9. It didn't work. So I typed in the rest of the months for 1913, always using 3-letter abbreviations (for no reason, except I thought it might be good to keep the lengths all the same. Turned out, it was).

10. When I got to January 1914 I stopped. Obviously there had to be a better way than typing every month-and-year for a hundred years' worth of months.

11. With the cursor sitting in cell A16, I looked the situation over. I knew I wanted the letters JAN from cell A4, and a space, and the yearvalue from cell A4 with 1 added to it. And actually, I wanted that in every cell from here on down. Not JAN, but the month-name from 12 rows up, and the yearvalue from 12 rows up with 1 added to it.

12. I can do that. Actually, I couldn't, because Open Office Calc wants semicolons between the numbers, where Excel wants commas as I recall. But the help was helpful and I figured it out long before I would have been done typing the next ten years of numbers manually, and it worked. You can see the formula I used in the image below.


14. In cell A16 I typed an equal sign (which tells the computer it will be doing a calculation) followed by LEFT(A4;4) (which tells the computer to take the first 4 characters from the left end of the text in cell A4).

Next I hit the SPACEBAR once and then SHIFT-7 for the ampersand (&) and the SPACEBAR once again. Pretty sure I need spaces there. It might work without them, but I don't have to care about that. What the ampersand does is sticks chunks of text together. What it will do for me is stick the three letters JAN and the fourth character, a SPACE, into cell A16, followed by whatever I put after the ampersand. Which I didn't tell you about yet.

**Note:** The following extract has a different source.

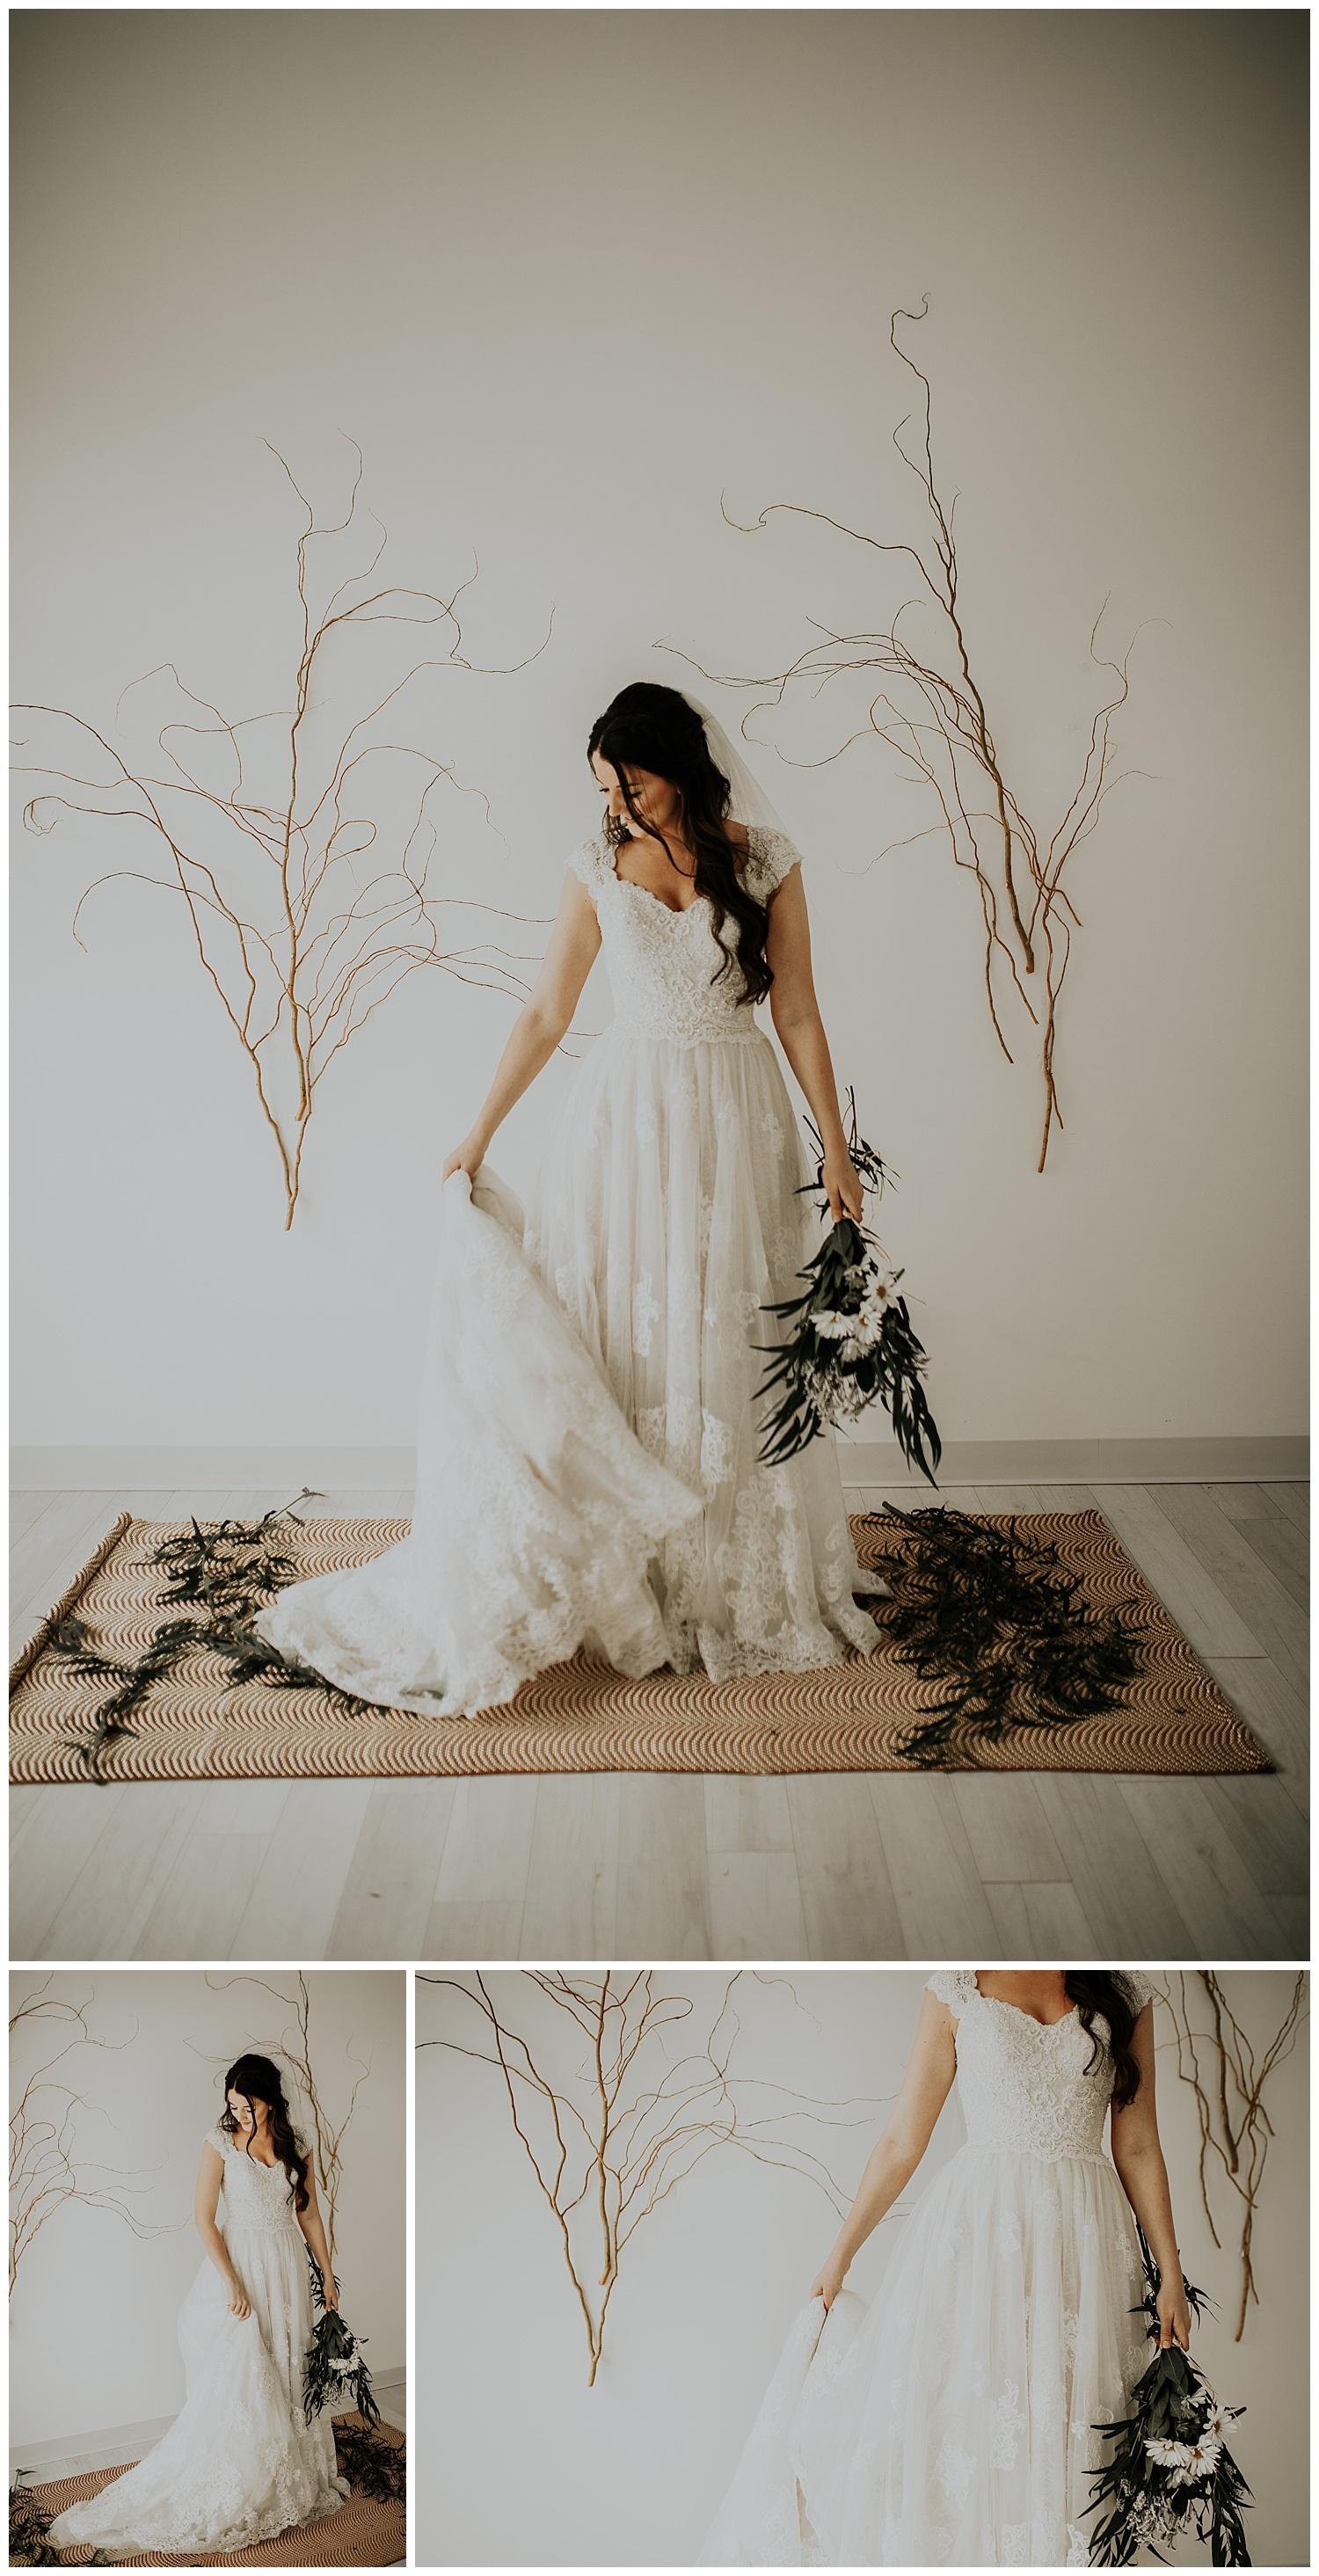 Laken-Mackenzie-Photography-Lumen-Room-Fort-Worth-Bridal-Session-Fort-Worth-Photographer04.jpg

See how I am taking the LEFT 4 characters here? And because I was clever enough to use all three-letter month names, the 4th character will always be a SPACE. And as a matter of fact, the 5th character will always be the first number of the four-digit year value. And (as you might have guessed) the year value is what comes next in the formula.

By the way, this may seem like a lot of work. But it is a lot less work than typing in all those month names and year numbers by hand.

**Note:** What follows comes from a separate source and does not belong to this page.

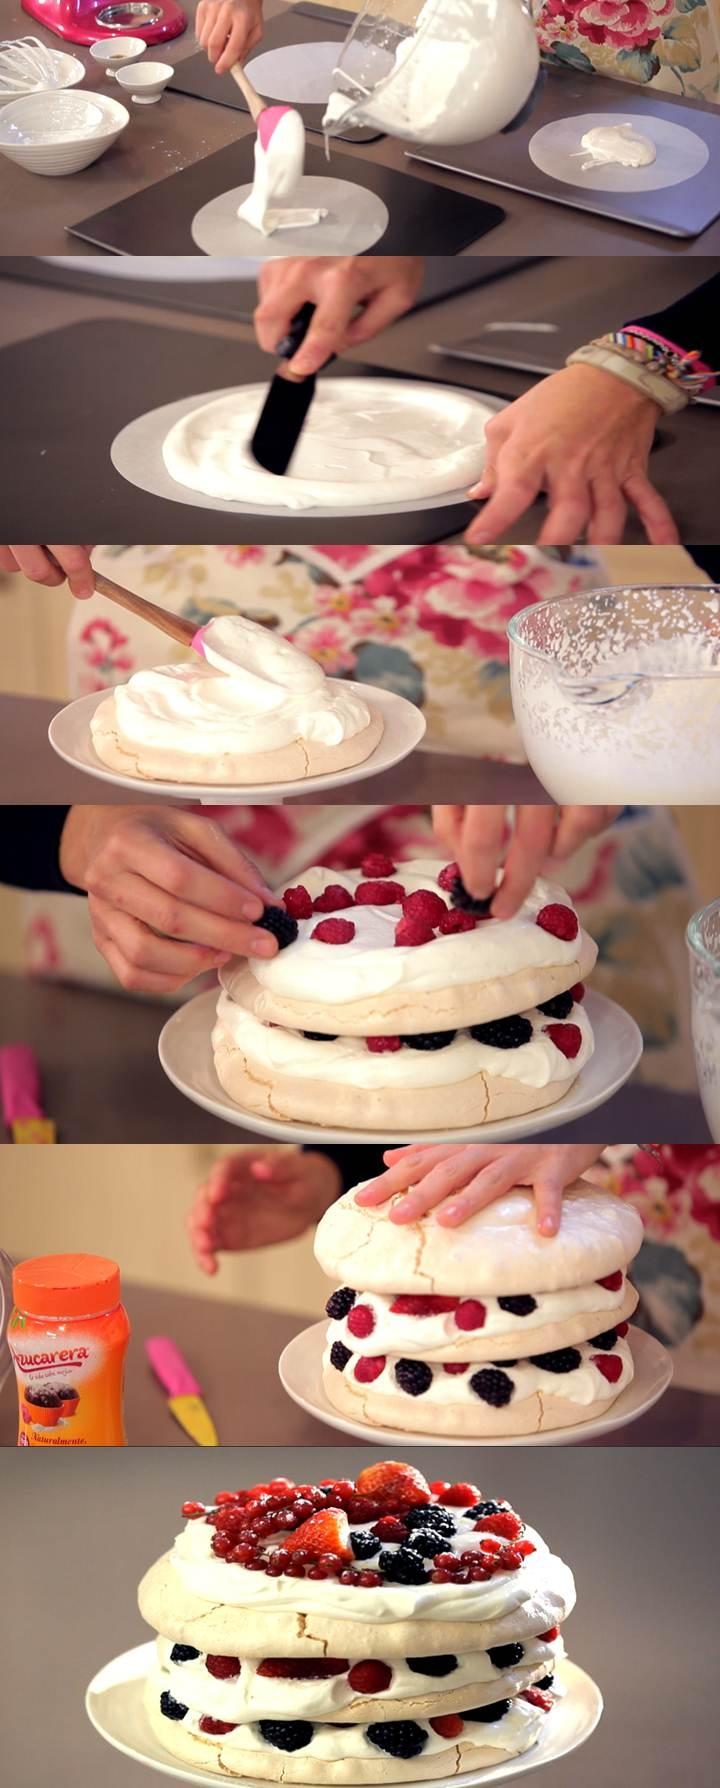 32 best images about recetas kitchenaid on pinterest for Pane con kitchenaid

So. After the ampersand we want the yearvalue. But in cell A16 I want the next year after the yearvalue in cell A4. I want 1914, not 1913. So (as you can see in the formula in the image above) after the ampersand I put a 1 and a plus sign. That will add 1 to something. So now all I have to do is grab the yearvalue from cell A4 and I'll be done.

To get the yearvalue from cell A4 I typed MID(A4;5;99) (Remember, semicolons between the numbers if you're using Open Office Calc.) What that does is it starts somewhere in the MIDdle of cell A4 -- with the 5th character, actually, because that's what I asked for -- and gives me the next 99 characters or less. I use 99 as a rule, because it is easier than counting the maximum number of characters I might possibly need. Though in this case that number would I suppose be four. But 99 works. And I don't have to worry about what else might work.

So that's it. That's the whole formula. Now I enter the formula into cell A16 (by hitting the ENTER key)((boy this is really LCD isn't it?)) and make sure it gave me the result that I want: JAN 1914.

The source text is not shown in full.